Tuesday, 16 December 2008

A recent review of Best in Show, an exhibition of graduate art curated by Pearce & Ramsay in the John Jones Project Space, brought together work by 18 graduates from art colleges around the country. It sparked a heated review in a-n magazine that raises some big questions… We’re interested to hear a wider opinion.

Do today’s fine art graduates have too many opportunities? Should all graduate art be confined to Bloomberg New Contemporaries? Are fine art students ‘running high on ambition and dry on imagination’?

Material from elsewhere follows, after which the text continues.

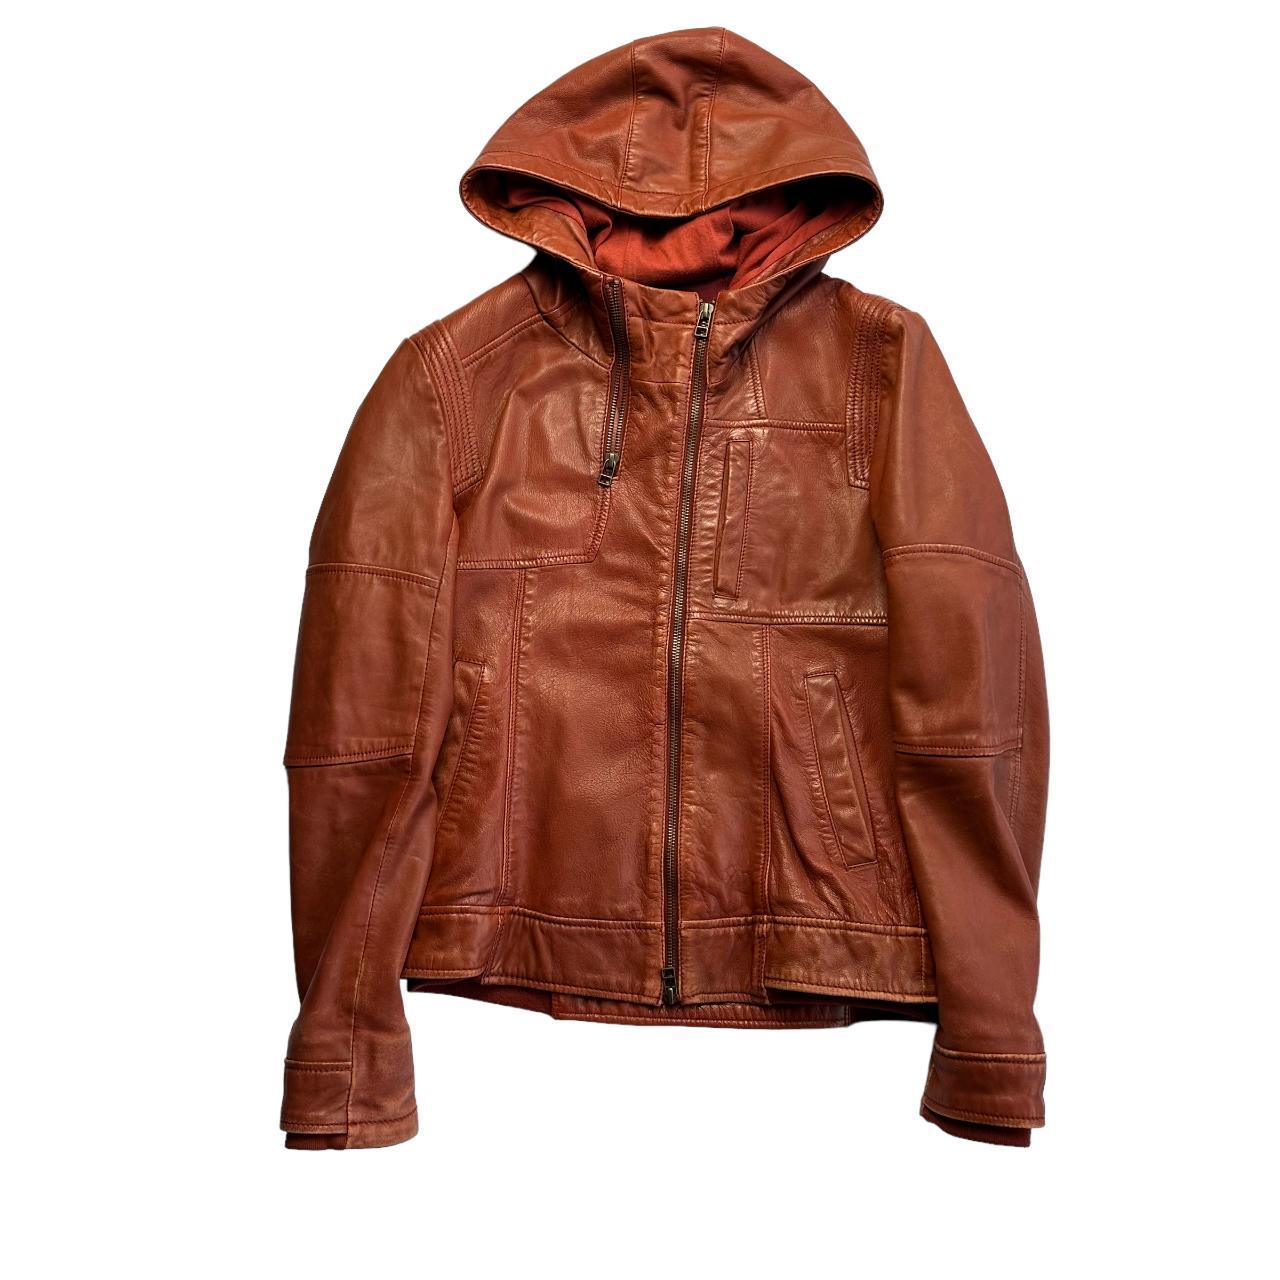 Avirex beige leather lightweight jacket - Known Source

Matt Lippiatt thinks so. What’s your opinion?



Annie said...

Yes, undoubtedly there are too many of these surveys of recent graduates who are only grouped together by their educational level... it is a misconception to think that on leaving a BA artists are ready to be snapped up by one of the big C's Matt Lippiatt mentioned - perhaps turning into arrogant C's themselves along the way. You can't buy a career, recent graduates must be wary of the illusion of instant success - it takes time and hard work. Scrap the student shows! Kill off degree shows! No more opportunities for emerging (read: undeveloped) artists! Get rid of new contemporaries too!

South London said...

Although I agree that there are too many of these survey shows, recent graduates offering opportunities to other recent graduates should not be seen as a bad thing. Comments like 'No more opportunities for emerging(read: undeveloped) artists' as posted by Annie are totally unhelpful. Leaving art school can be a pretty lonely and discouraging experince,i know when i left i got no interest whatsoever, the last thing young artists who are trying to make a go of it need are people telling them they should hide in their studio until they've 'matured'....how are they supposed to get better if they don't exhibit and get critisim and feedback from the public and their peers. Survey shows in general should not be frowned upon simply because Bloomberg New Contemporaries exists. I also dont agree with Matt Lippiatt's comment that the degree show is enough, firstly graduates are often unhappy with the institutional constraints of their degree show and want to show their work in a new context. Also a good deal of the work shown in some survey shows is new work which gradutes have been motivated to make with the prospect of an upcoming exhibtion. They also provide much needed experience to artists and encourage them to continue and build networks with other artists in a similar situation to themselves. Taking part in a survey show straight after college doesnt mean you think you can 'buy a career' it just means you want to exhibit the work youve spent three years labouring over....and isnt that the point anyway?

Annie said...

sure, leaving art school is lonely and difficult... no, sitting in the studio waiting to mature sure isn't going to help - but organizing artists by age isn't going to either. where is the criticism on these shows? do they get any write up anywhere?